What the task requires:
With the pictures set aside, write out all of the data exactly as it stands.

Collected material:
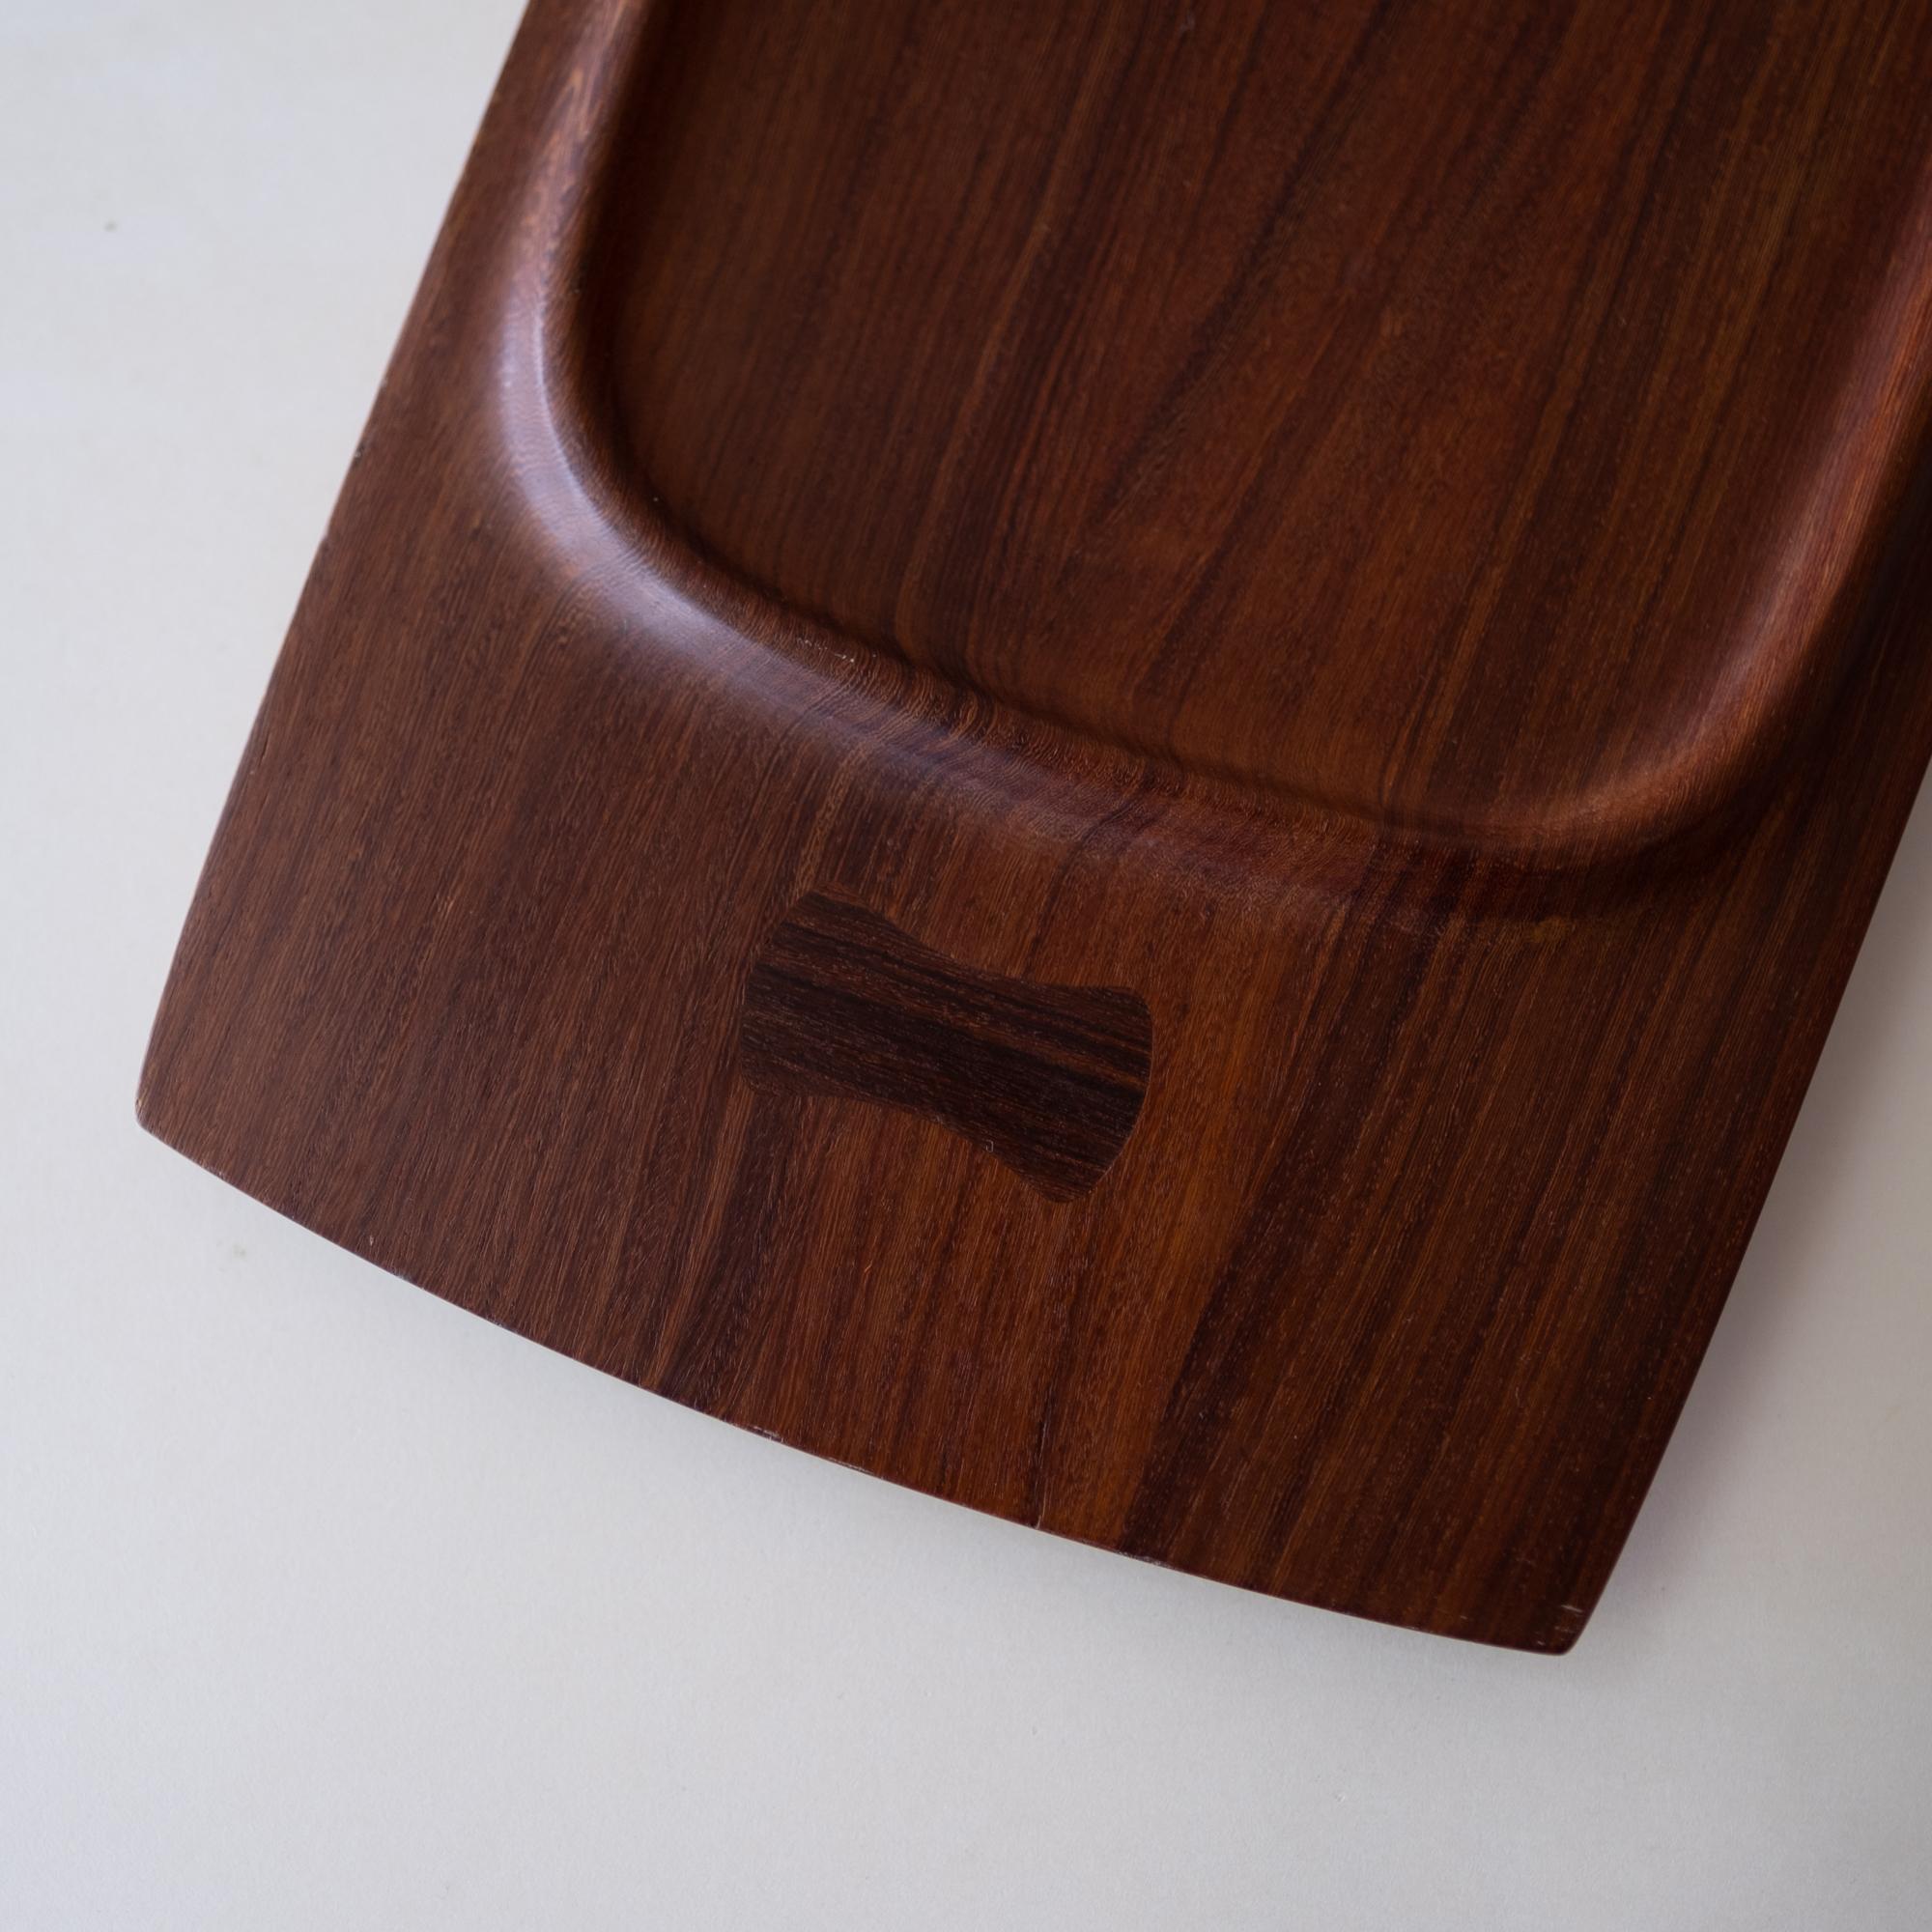 20th Century Dansk Rare Woods Tray by Jens Quistgaard
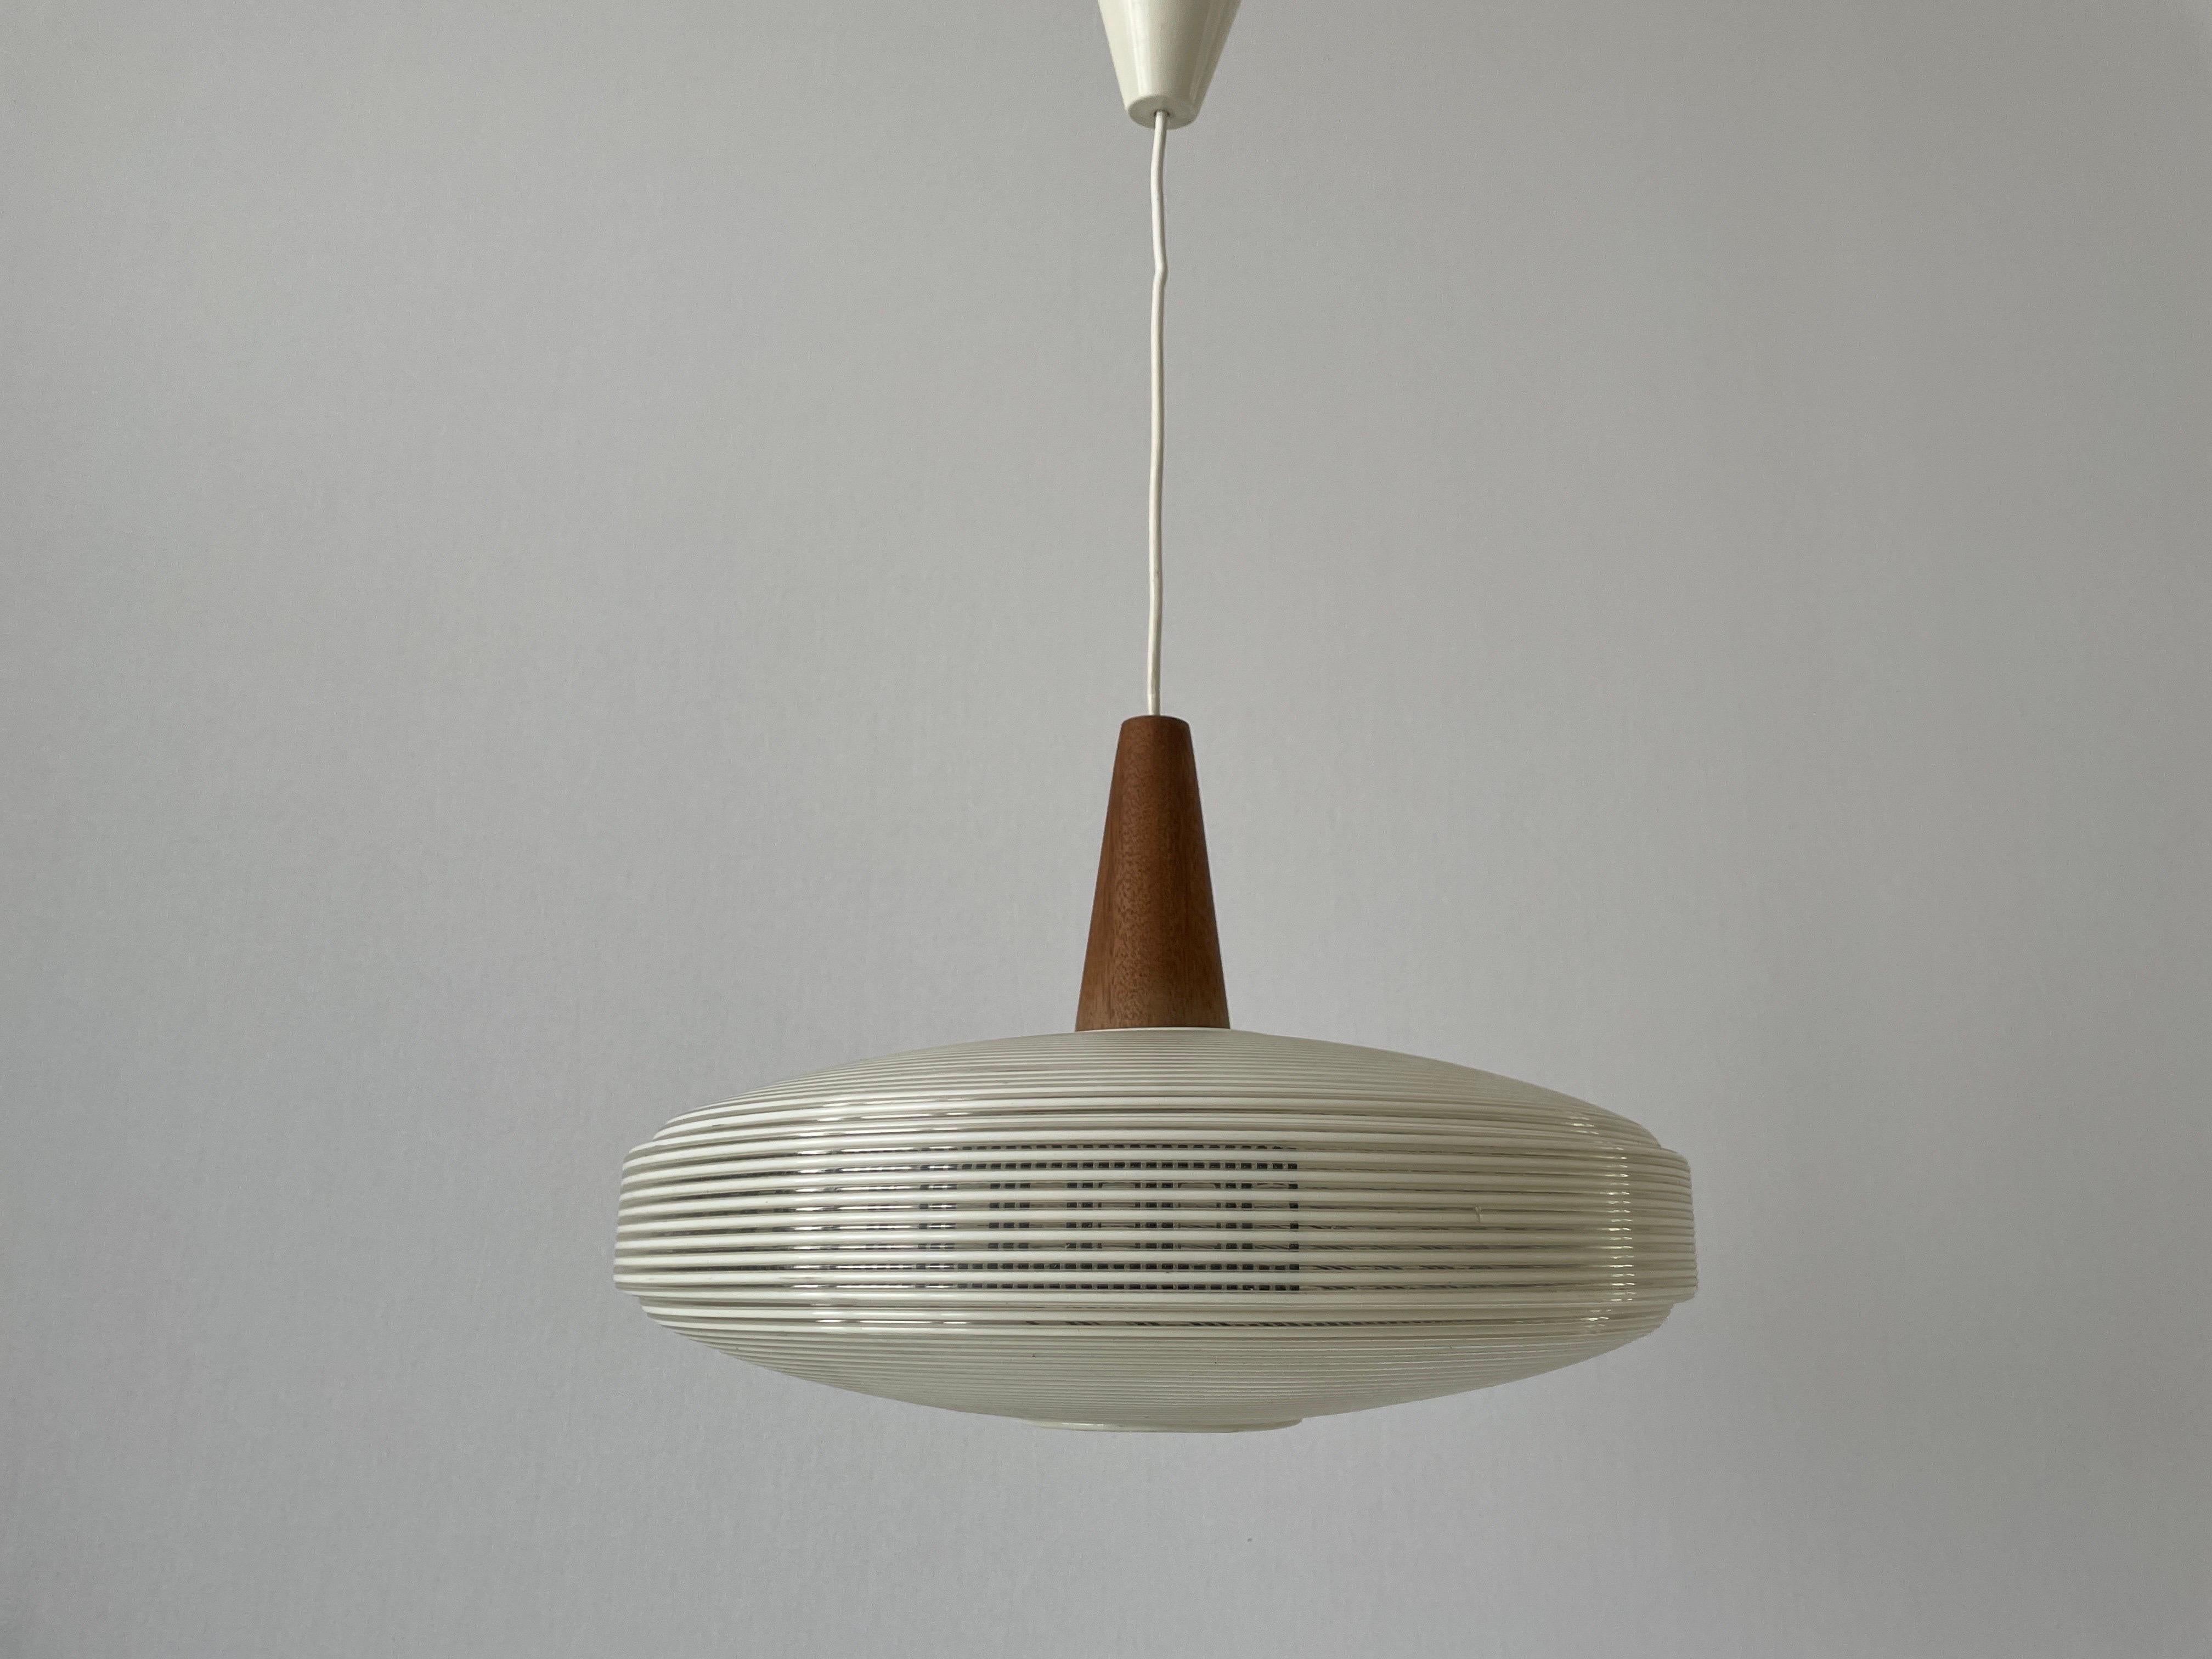 Plastic Rare Rotaflex Ceiling Lamp by Yasha Heifetz with Teak Detail, 1960s Germany For Sale
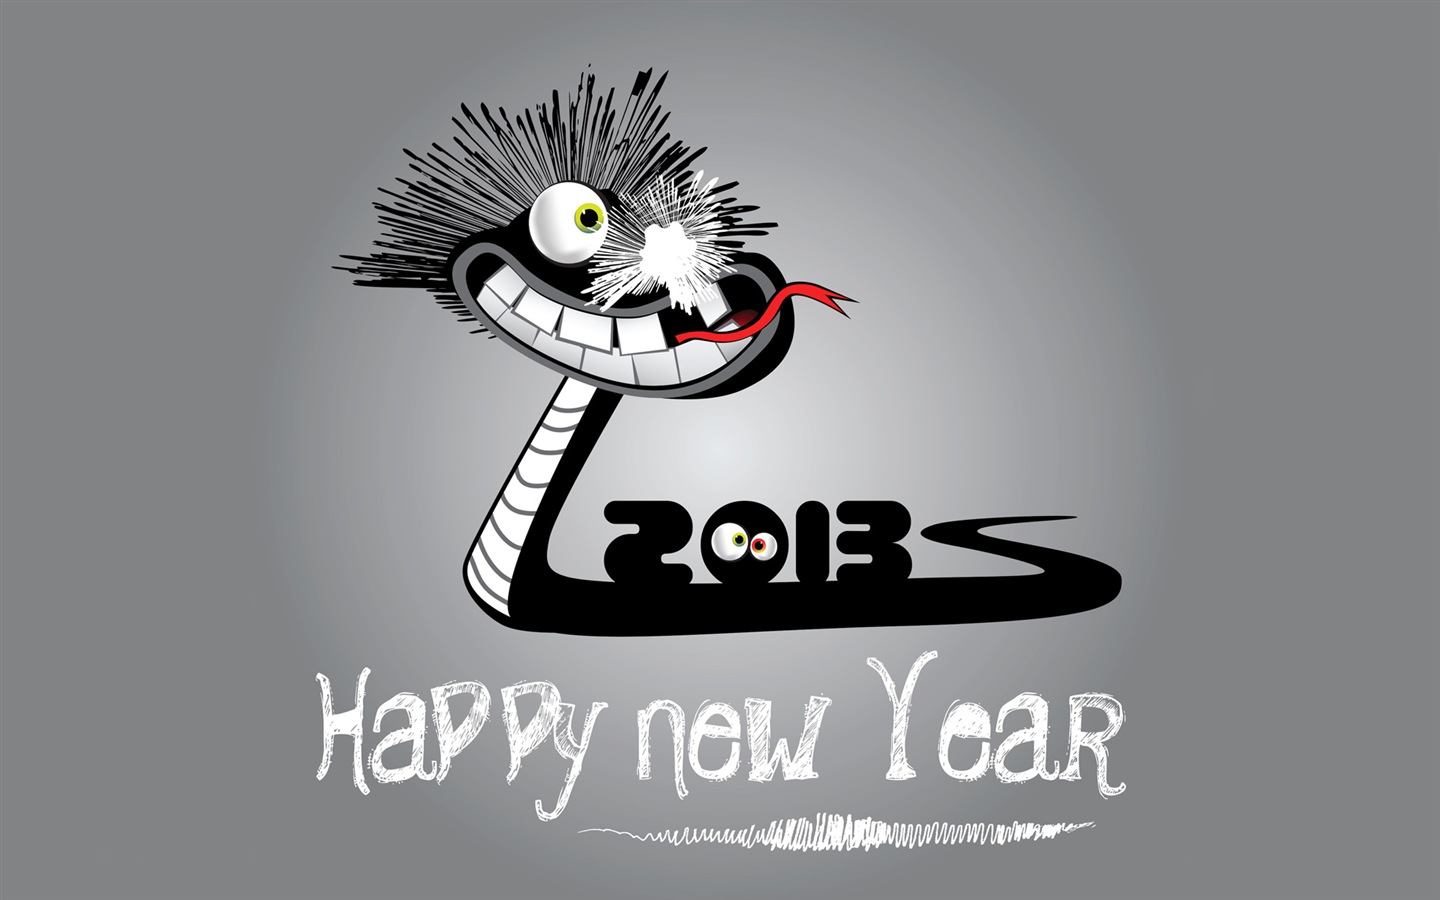 2013 Happy New Year HD wallpapers #19 - 1440x900

Exercise solution:
 20th Century Dansk Rare Woods Tray by Jens Quistgaard
 Plastic Rare Rotaflex Ceiling Lamp by Yasha Heifetz with Teak Detail, 1960s Germany For Sale
 2013 Happy New Year HD wallpapers #19 - 1440x900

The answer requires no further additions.